I've recently put a new ignition control module on my Ariens GT20 with a Kohler 20hp engine. It started and ran fine for 10 minutes. I shut it off and went to start it a few days later. The solenoid clicked and the starter turned very slow. I replaced the solenoid and same thing. I replaced the starter (had to pull the engine) and tried again. Now the solenoid is making a grinding sound and ther starter does not turn at all. It seems to be an electrical issue of current not getting to the starter, but I'm not sure what could be causing it. Solenoid is new and all cables seem to be OK. Fuse is good. Any thoughts on what it could be? This tractor is very frustrating.


----------



## Country Boy (Mar 18, 2010)

Sounds like your battery is bad. Try putting your voltmeter on it and have someone try to crank the engine. If the voltage drops below 9-10v when cranking, then the battery is probably bad, or you have a bad ground between the battery and the starter. Check your grounds to be sure they are clean and tight.


----------



## GTcollector (Dec 27, 2010)

Country Boy said:


> Sounds like your battery is bad.
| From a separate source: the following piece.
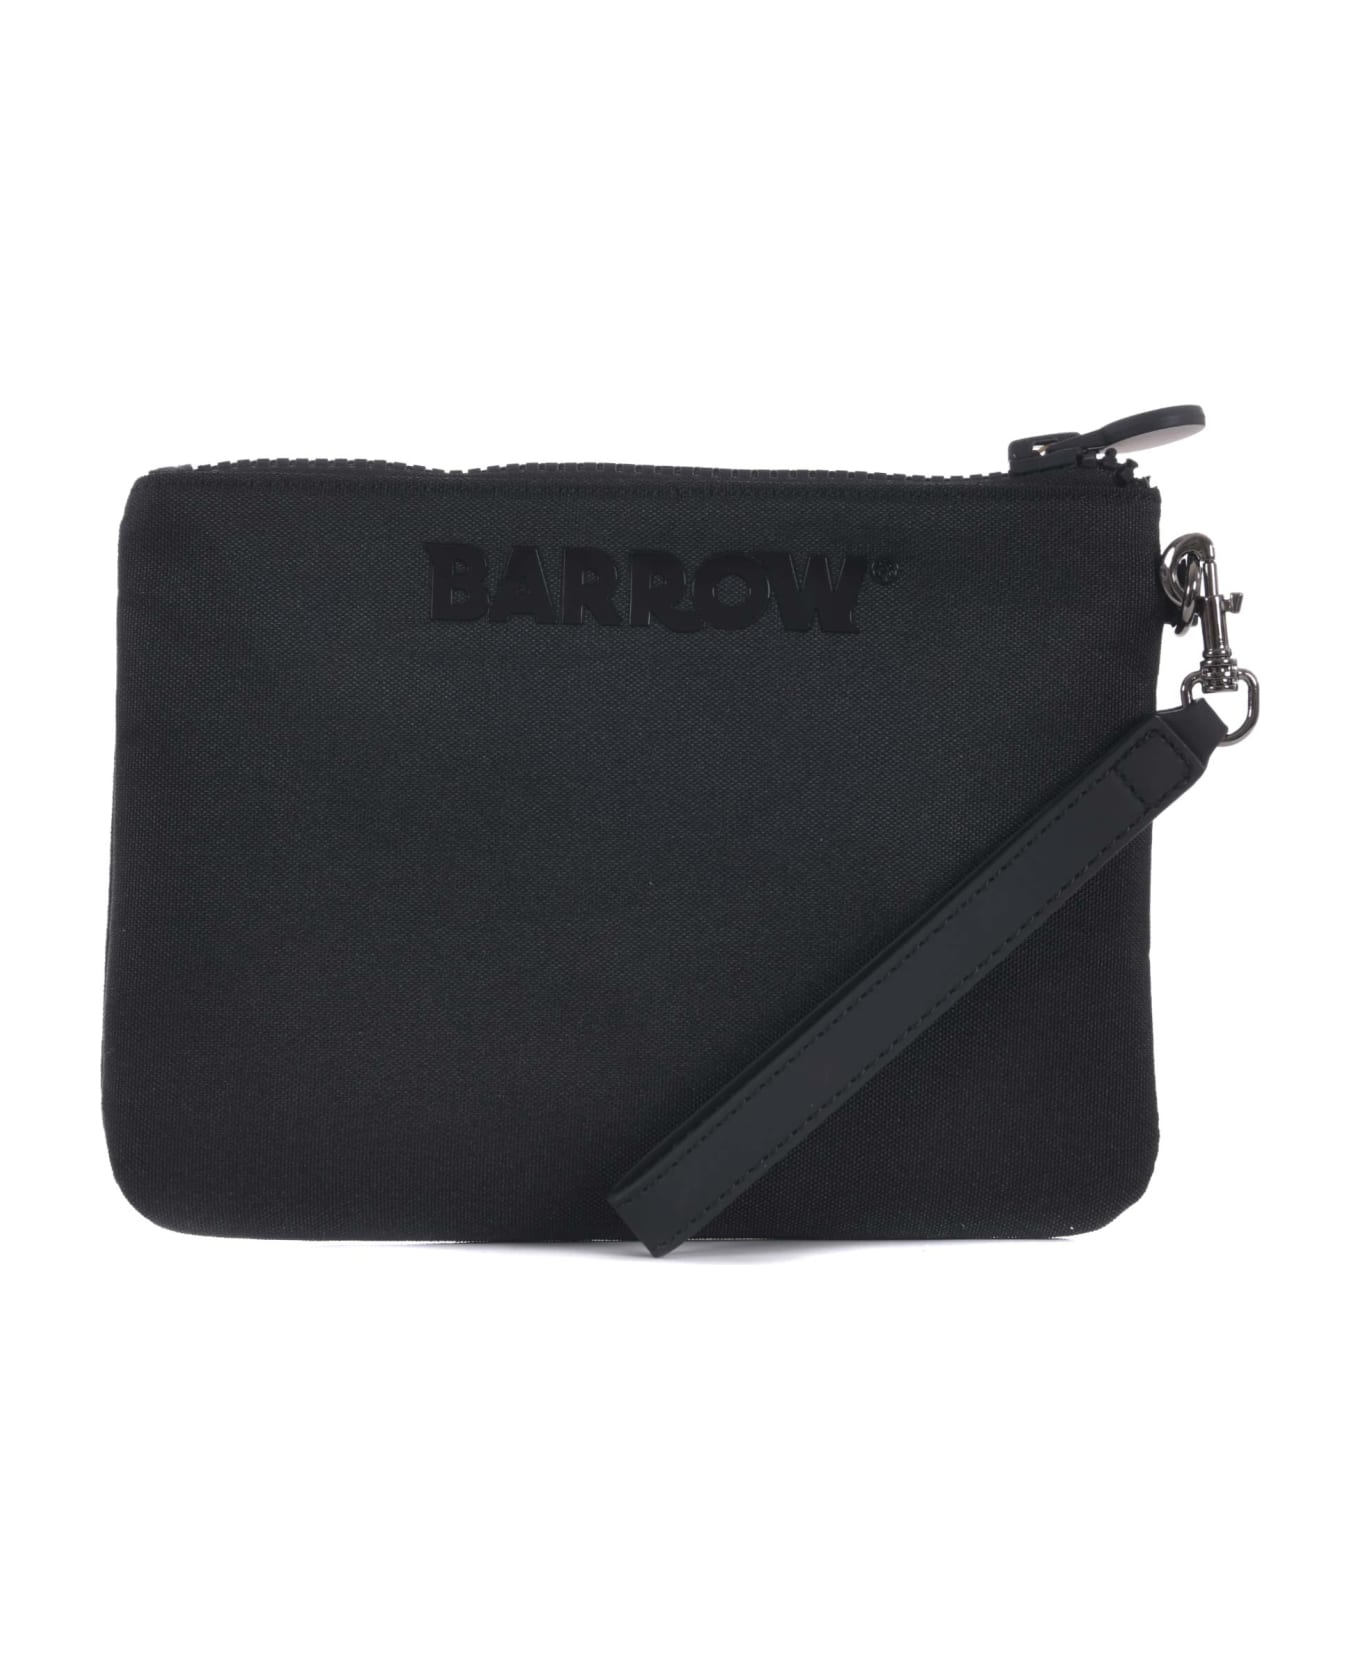 Barrow Clutch Bag - Nero/giallo fluo

Try putting your voltmeter on it and have someone try to crank the engine. If the voltage drops below 9-10v when cranking, then the battery is probably bad, or you have a bad ground between the battery and the starter. Check your grounds to be sure they are clean and tight.
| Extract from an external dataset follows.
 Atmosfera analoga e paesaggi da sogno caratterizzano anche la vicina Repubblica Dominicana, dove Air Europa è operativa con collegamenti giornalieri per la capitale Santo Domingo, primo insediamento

Thats what it sounds like, Is it just me or do some of the Ariens with the twins seem to have more electrical issues? I guess its just the nature of the beast when you get more lights and gadgets.


----------



## Country Boy (Mar 18, 2010)

The GT's in general from Ariens had wiring issues. If you look at the rat's nest of wires under the dash area by the battery, you'd see why. They over engineered that unit, and there are way more wires there than there really needs to be. A modern tractor has probably 1/4-1/2 of the number of wires compared to those tractors.


----------



## allenbowman4 (Apr 26, 2014)

New battery did the trick. Thanks! However, after one mowing I now have a hydraulic line leaking......ugh! Back to the garage.


----------